The disclosure cast doubt on AIG's past contention that it didn't face major problems stemming from the credit crisis that has slammed other financial institutions.

AIG's stock plummeted to nearly a five-year low on the news, pushing down the Dow Jones Industrial Average, of which AIG is a component.

U.S. Treasury prices rose as fresh credit market worries restored a flight-to-safety bid to government securities.

AIG said the change came after its auditors questioned the internal controls over the valuation of derivatives.

PricewaterhouseCoopers, the company's outside auditors, concluded that the company had a material weakness in its internal control over financial reporting relating to the fair valuation of credit default swap portfolio obligations of AIG Financial Products Corp., the company disclosed in a regulatory filing.

AIG disclosed that earlier estimates of its derivatives had included an adjustment for cash flow diversion.

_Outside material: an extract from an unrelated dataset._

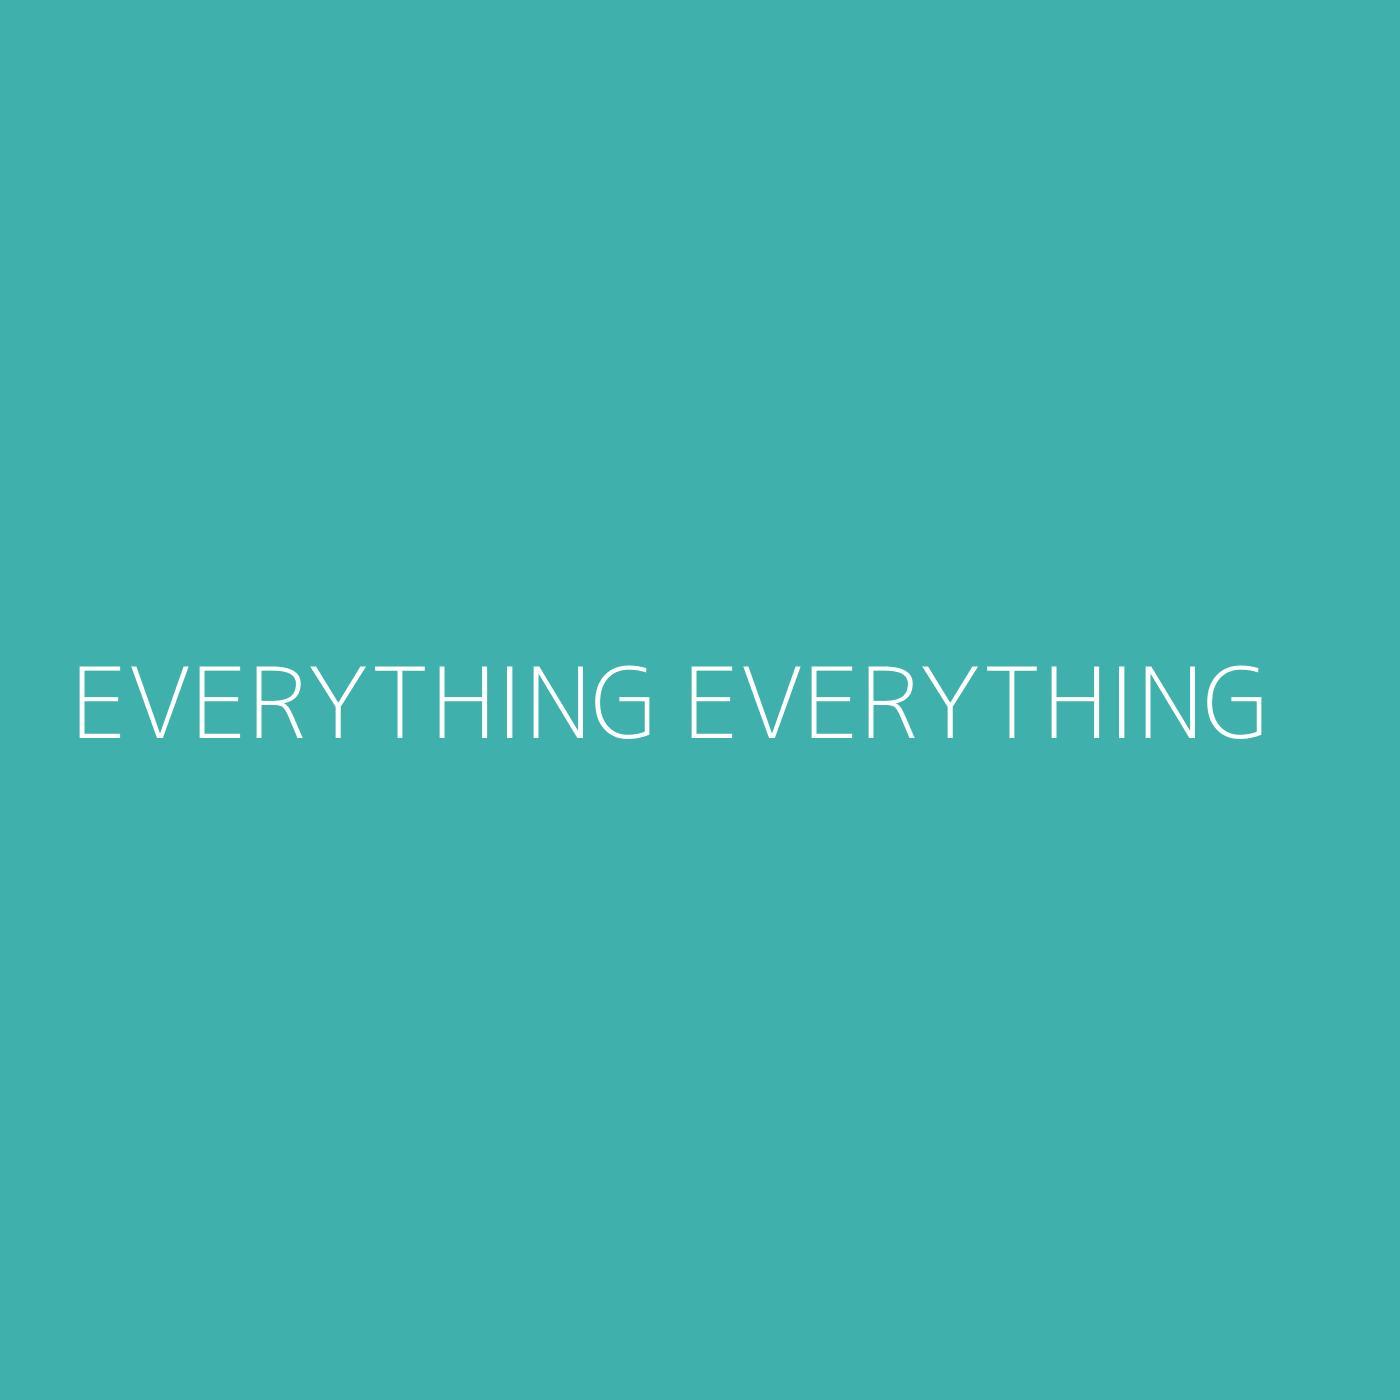 Everything Everything Playlist Artwork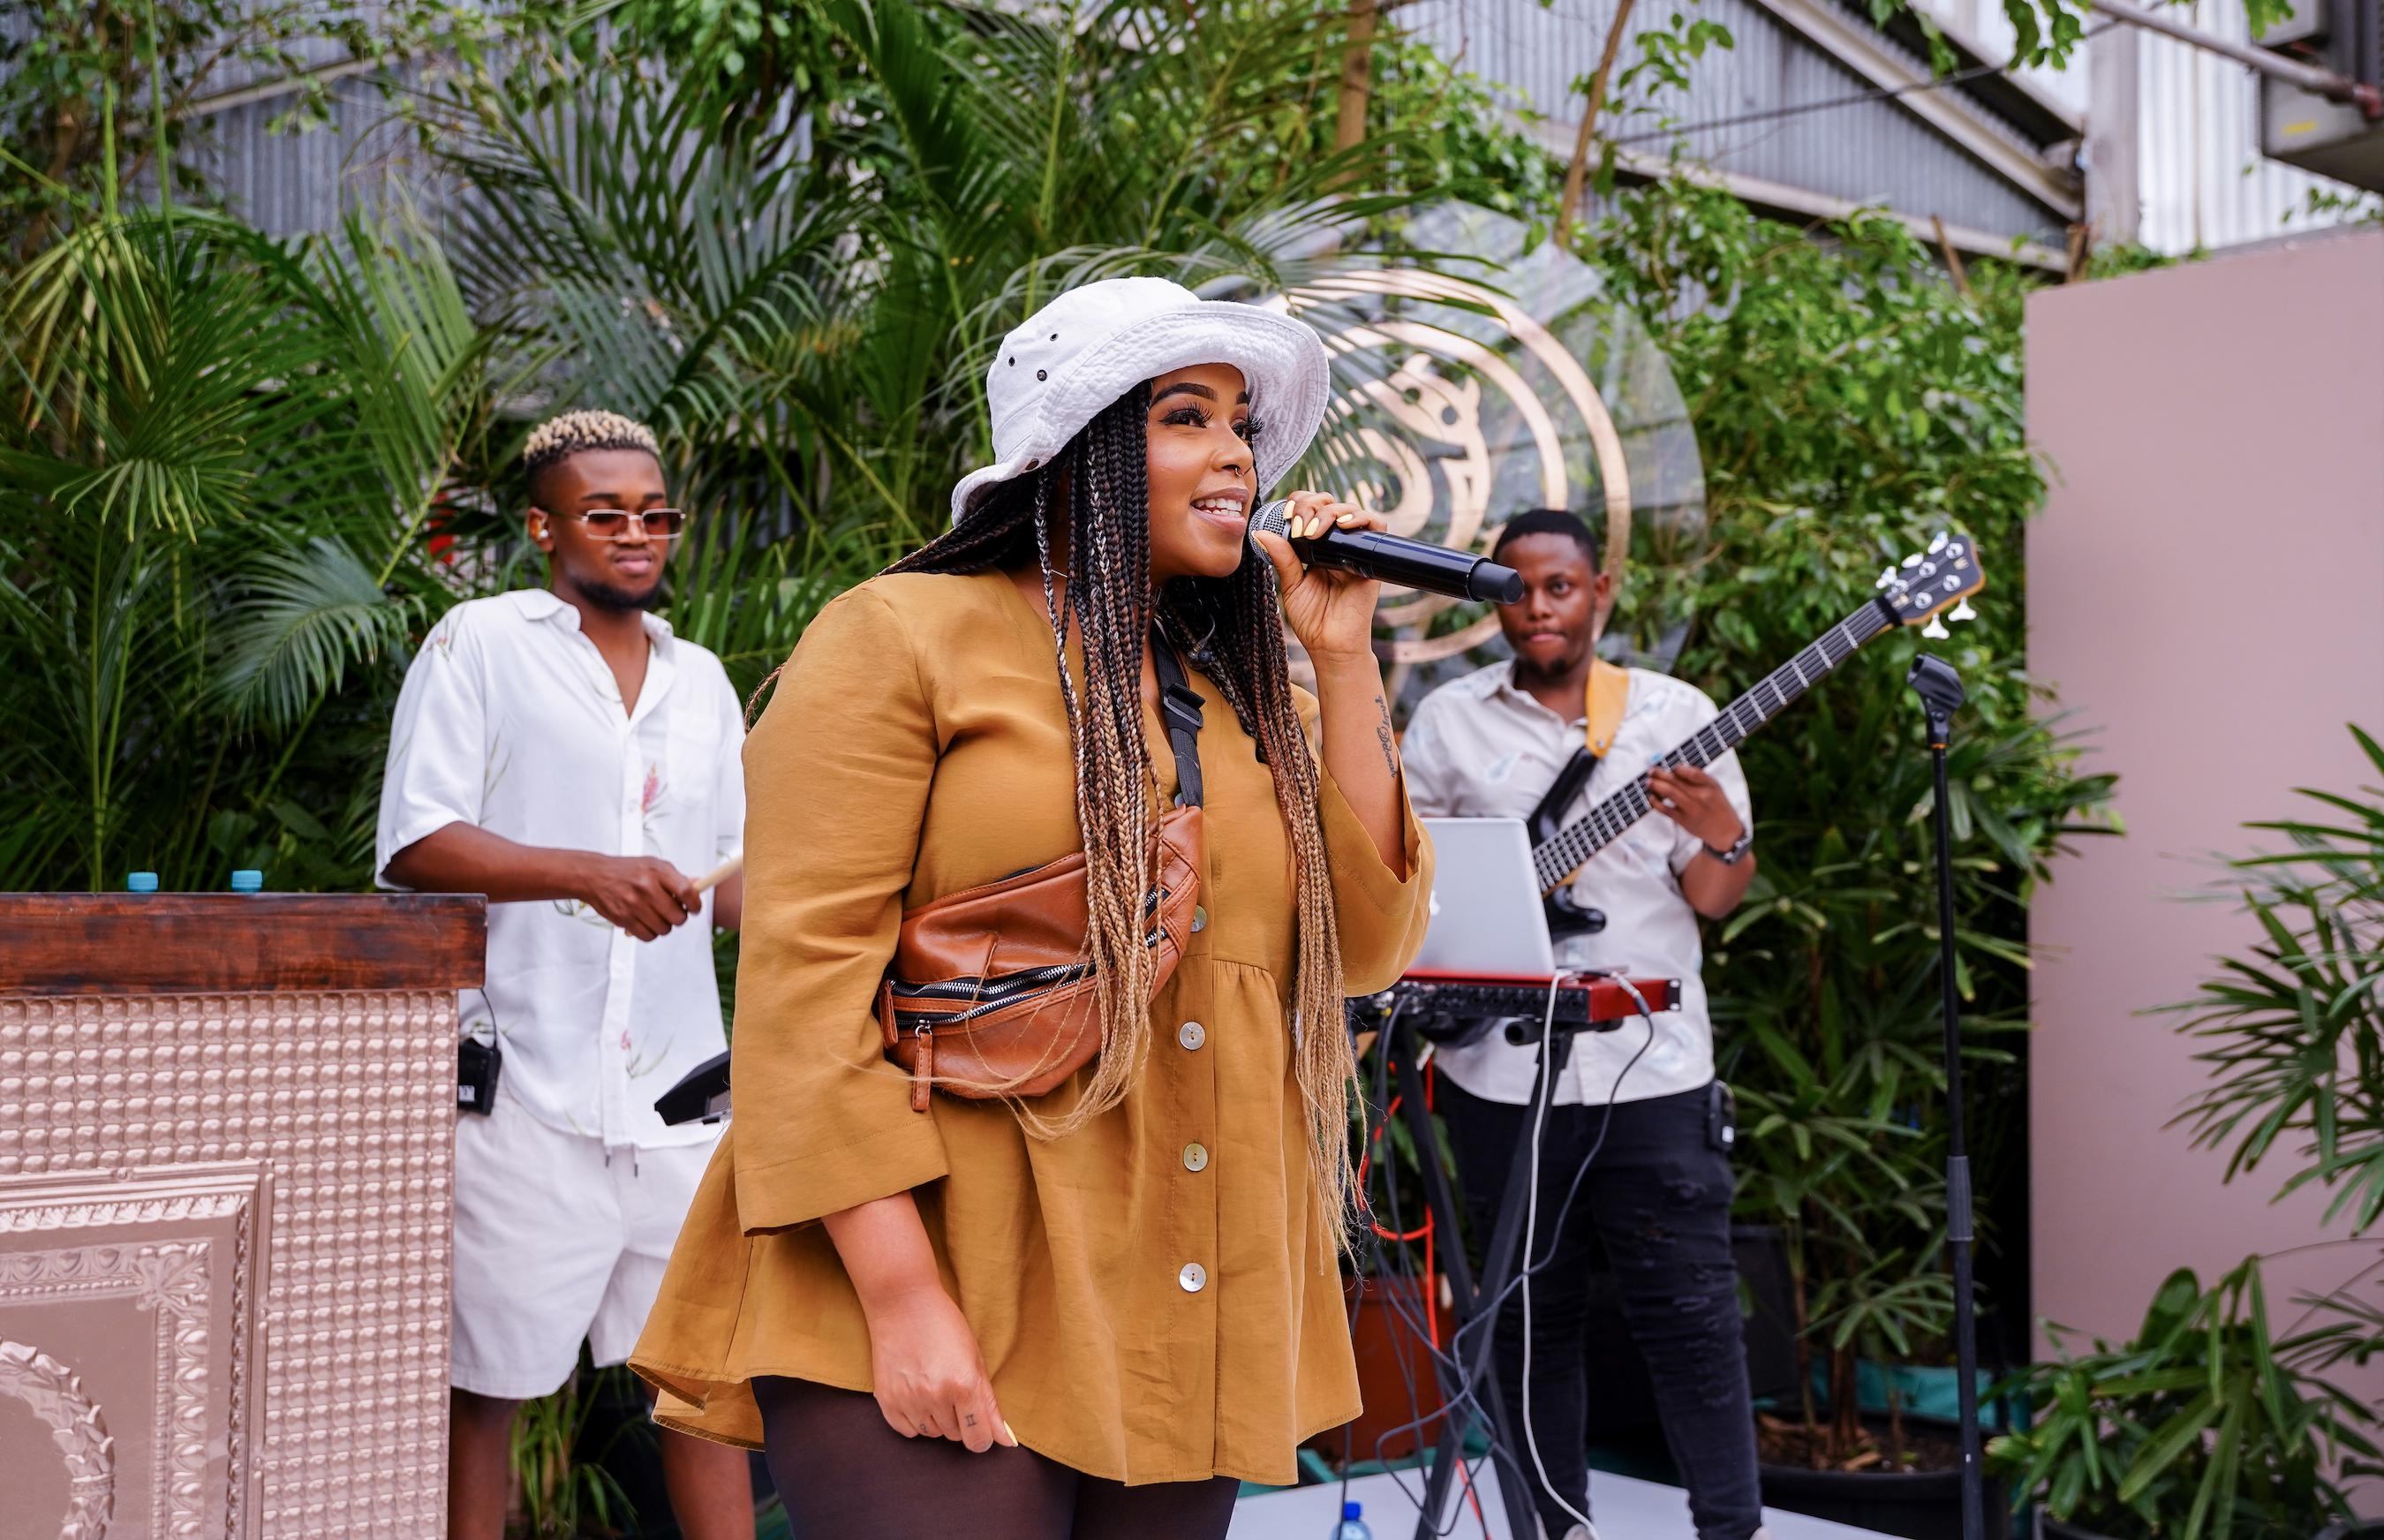 Shekinah performing at Brutal Fruit event

However due to difficult market conditions it will not include the adjustment in determining the fair value of AIGFP's super senior credit default swap portfolio.

In a filing with the U.S. Securities and Exchange Commission, AIG said that based on its new way of calculating the fair value of the super senior CDSs, the gross cumulative decline in valuation during 2007 as of Nov. 30 was $5.96 billion, compared with its previously-disclosed estimate of $1.6 billion.